Why children's theatre matters

If you are reading this blog, it probably means that you are interested in theatre. So why are some areas of theatre valued over others, particularly theatre for young audiences?
16 Sep, 2015

This is an edited version of a speech I made at the Unicorn theatre in London last week, on being presented with an award for outstanding contribution to children's arts by Action for Children's Arts

It often feels as if every review or article about children's theatre represents a tiny triumph. It is a tiny triumph, over the kind of outmoded and ignorant thinking that dismisses work for children and ignores it on the grounds that children's theatre is not worth reviewing, that somehow something intended for children cannot possibly be of the same worth as a Tom Stoppard play or King Lear. What rot.

As someone who has dipped my toe into writing novels for children, I'm still astonished by how many well-meaning but misguided people ask: "So when are you going to write a proper grownup novel?", as if writing for children – surely the most challenging of all audiences – counts for nothing. Just as children's literature of the last 15 years has flourished, so theatre for young people has often not just matched theatre for adult audiences but often surpassed it.

Children's novels get a meagre amount of review space, but when it comes to writing about children's theatre, every column inch must still be fought for and over. This lack of coverage matters because it is always the case that what is reviewed in our culture quickly becomes what is valued in our culture. An absence of reviews about theatre that is made for and with children, and a reluctance by arts desks and editors to take children's theatre seriously not only suggests that we do not value that particular area of theatre, but that we do not value children and their experience of the world.

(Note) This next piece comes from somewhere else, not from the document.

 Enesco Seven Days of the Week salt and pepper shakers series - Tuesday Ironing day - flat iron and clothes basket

It shouldn't be that way. When the wellbeing of children in the UK is measured against that of other countries we come very low in the league of industrialised nations. Could there be a connection between that and our inability to value and nurture the creativity and imaginations of our children? We worry endlessly about exam results and yet squeeze the arts from the curriculum, so that opportunities to learn an instrument or go to the theatre are not an entitlement for every child, but activities that are only within the reach of the privileged few. As one of the characters in Lee Hall's The Pitman Painters says: "art is the place where you understand your whole life from." If one single child is excluded from art, we are all the poorer for it.

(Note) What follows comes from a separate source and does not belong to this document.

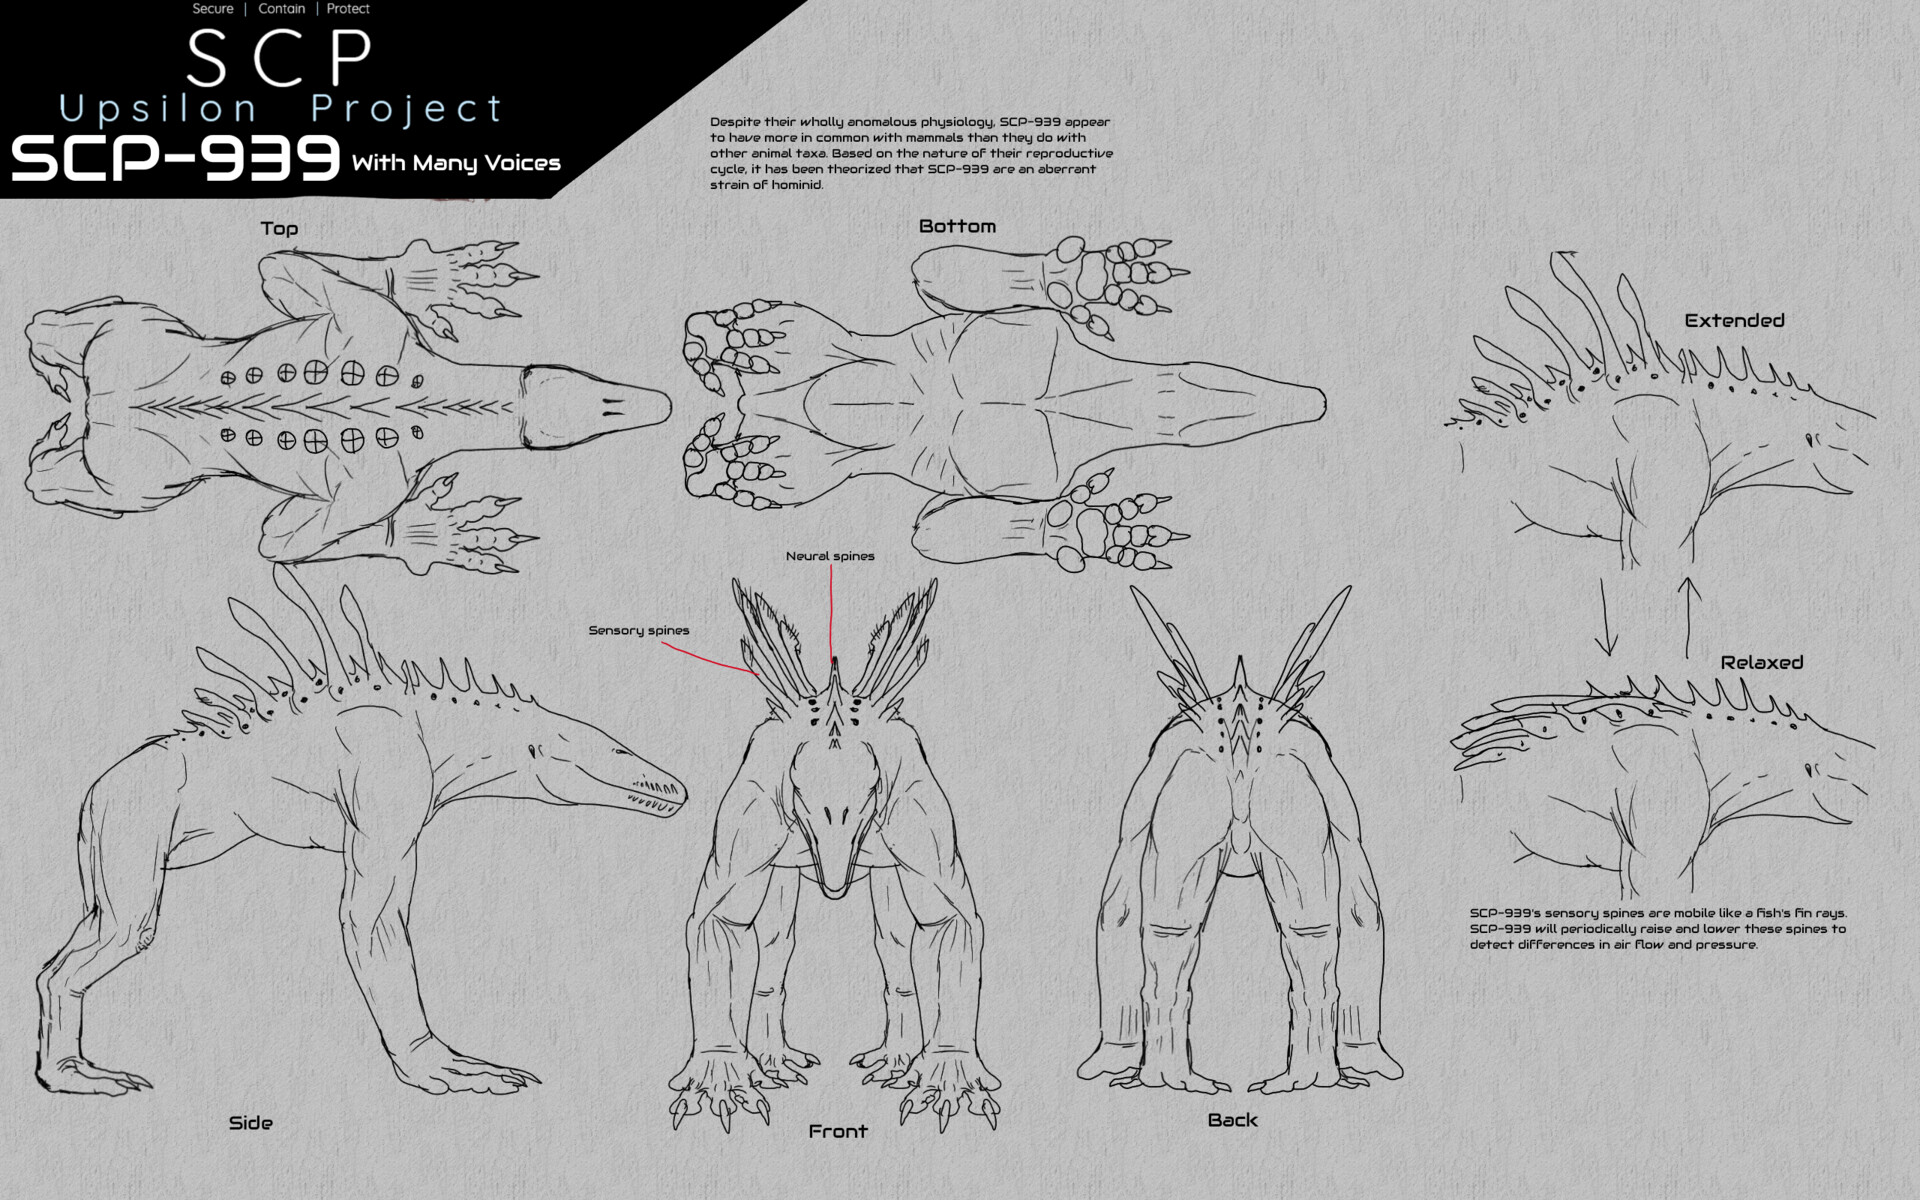 Kenneth Crooker - SCP Foundation Creature Designs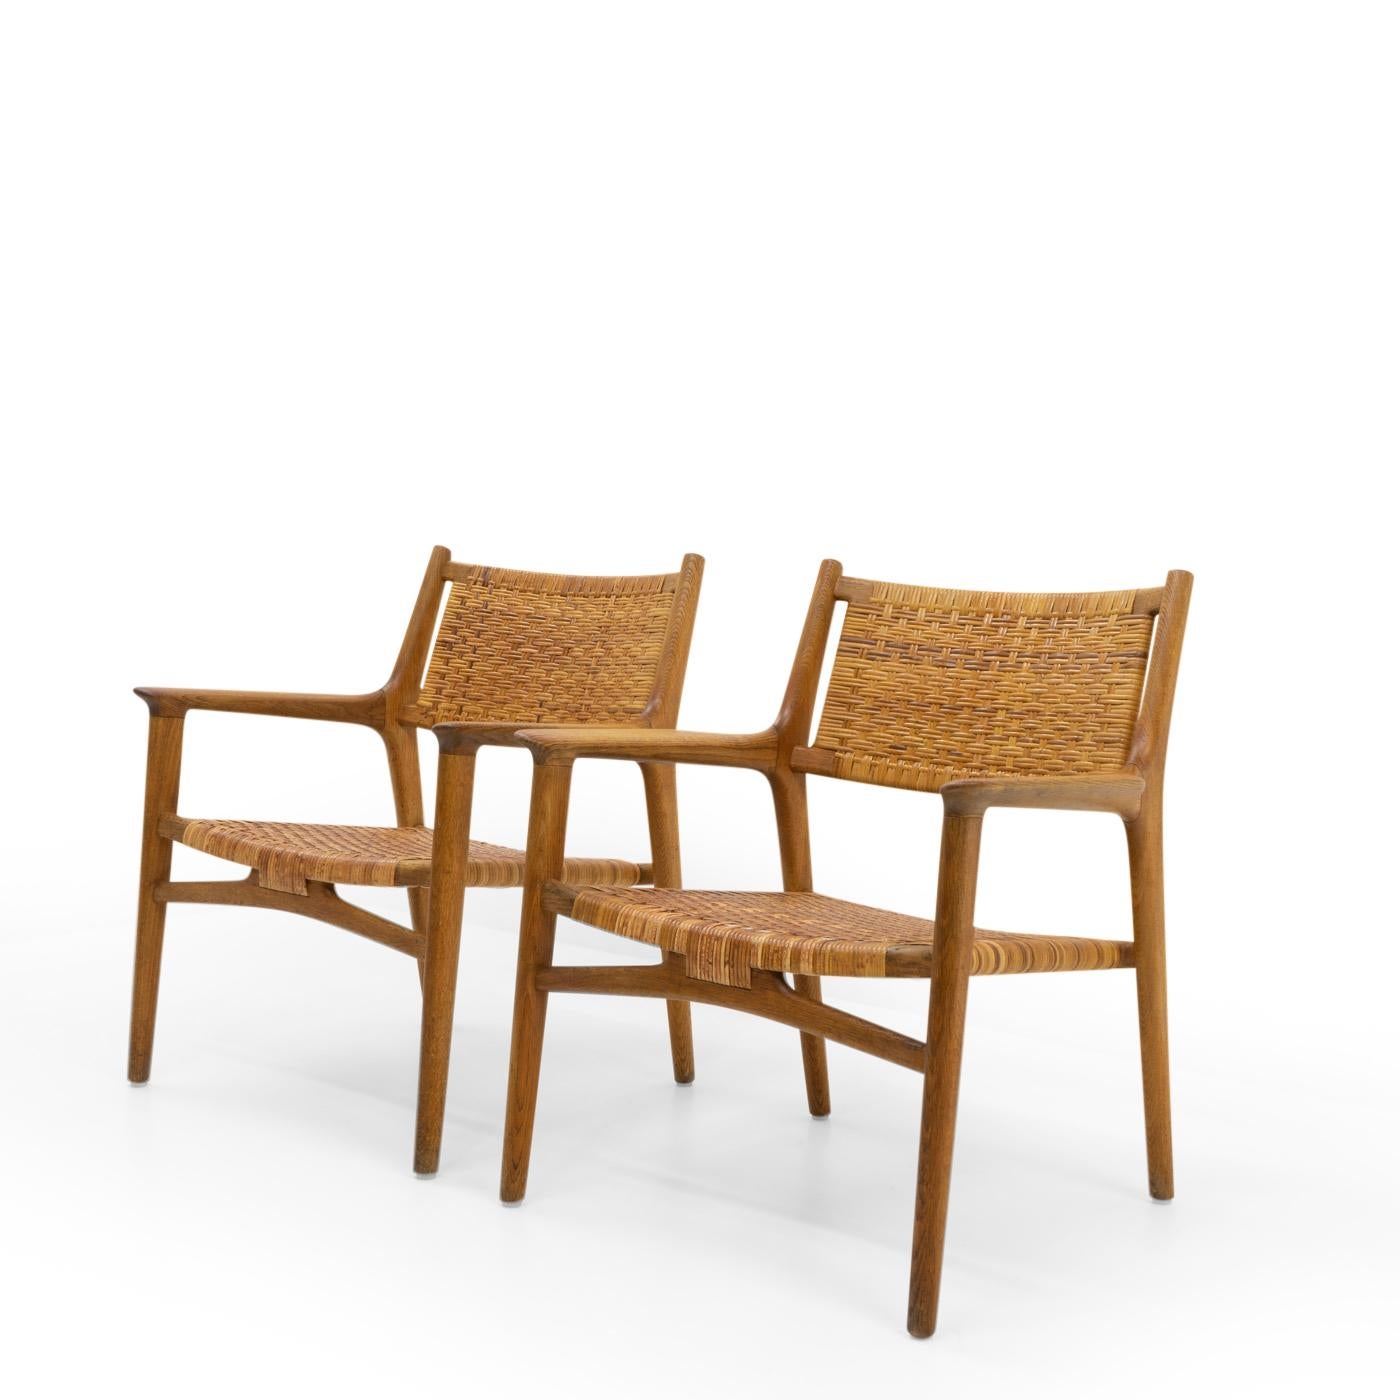 An original pair of very rare JH516 lounge chairs by Hans Wegner, produced by Johannes Hansen during the 1950s. 

A rare opportunity to purchase an investment piece that rarely becomes available on the market.


 
Materials: Oak, cane 

Origination:

Last week I sat in the Unicorn theatre watching Ellen McDougall's superb production of Henry the Fifth, a play which responds to Shakespeare's play of the same name. Like Shakespeare's play in which the chorus asks the audience to "piece out our imperfections with your thought" so Ignace Cornelissen's play is a call to arms for the imagination, getting a young audience to imagine a different world, a different story for themselves, an alternative narrative and to empathise with another point of view. It is a play about emotional intelligence, not IQ or what level you got in Key stage 2.

At a time when the pressures on young people are perhaps greater than they have been at any time since the second world war, and the challenges faced by massive cultural and technological shifts, climate change, and economic collapse are immense, what we need is a rising generation who can use their heads to solve those problems but also their imaginations. Some time ago I heard a government spokesman on the radio talking about raising standards in schools, and making changes to the curriculum and the arts and humanities in higher education so we generated the skills necessary for a successful 21st century society.

Did that mean, asked the interviewer, that there needed to be more emphasis on skills such as maths and engineering? Yes was the reply. Of course we do need those skills, nobody would argue against their importance. But while we need people with the skills to build – let's say a bridge – we also need the people capable of imagining that bridge in the first place, or thinking how we could create a very different kind of bridge. Or perhaps asking whether we need a bridge at all.

Theatre, particularly theatre for children, fires the imagination, it gives our children the skills and the creativity necessary to face the world, to understand it and perhaps to change it too. We should value children's theatre and take it seriously and that means treating it with the respect that we would any work of art including reviewing and critiquing it.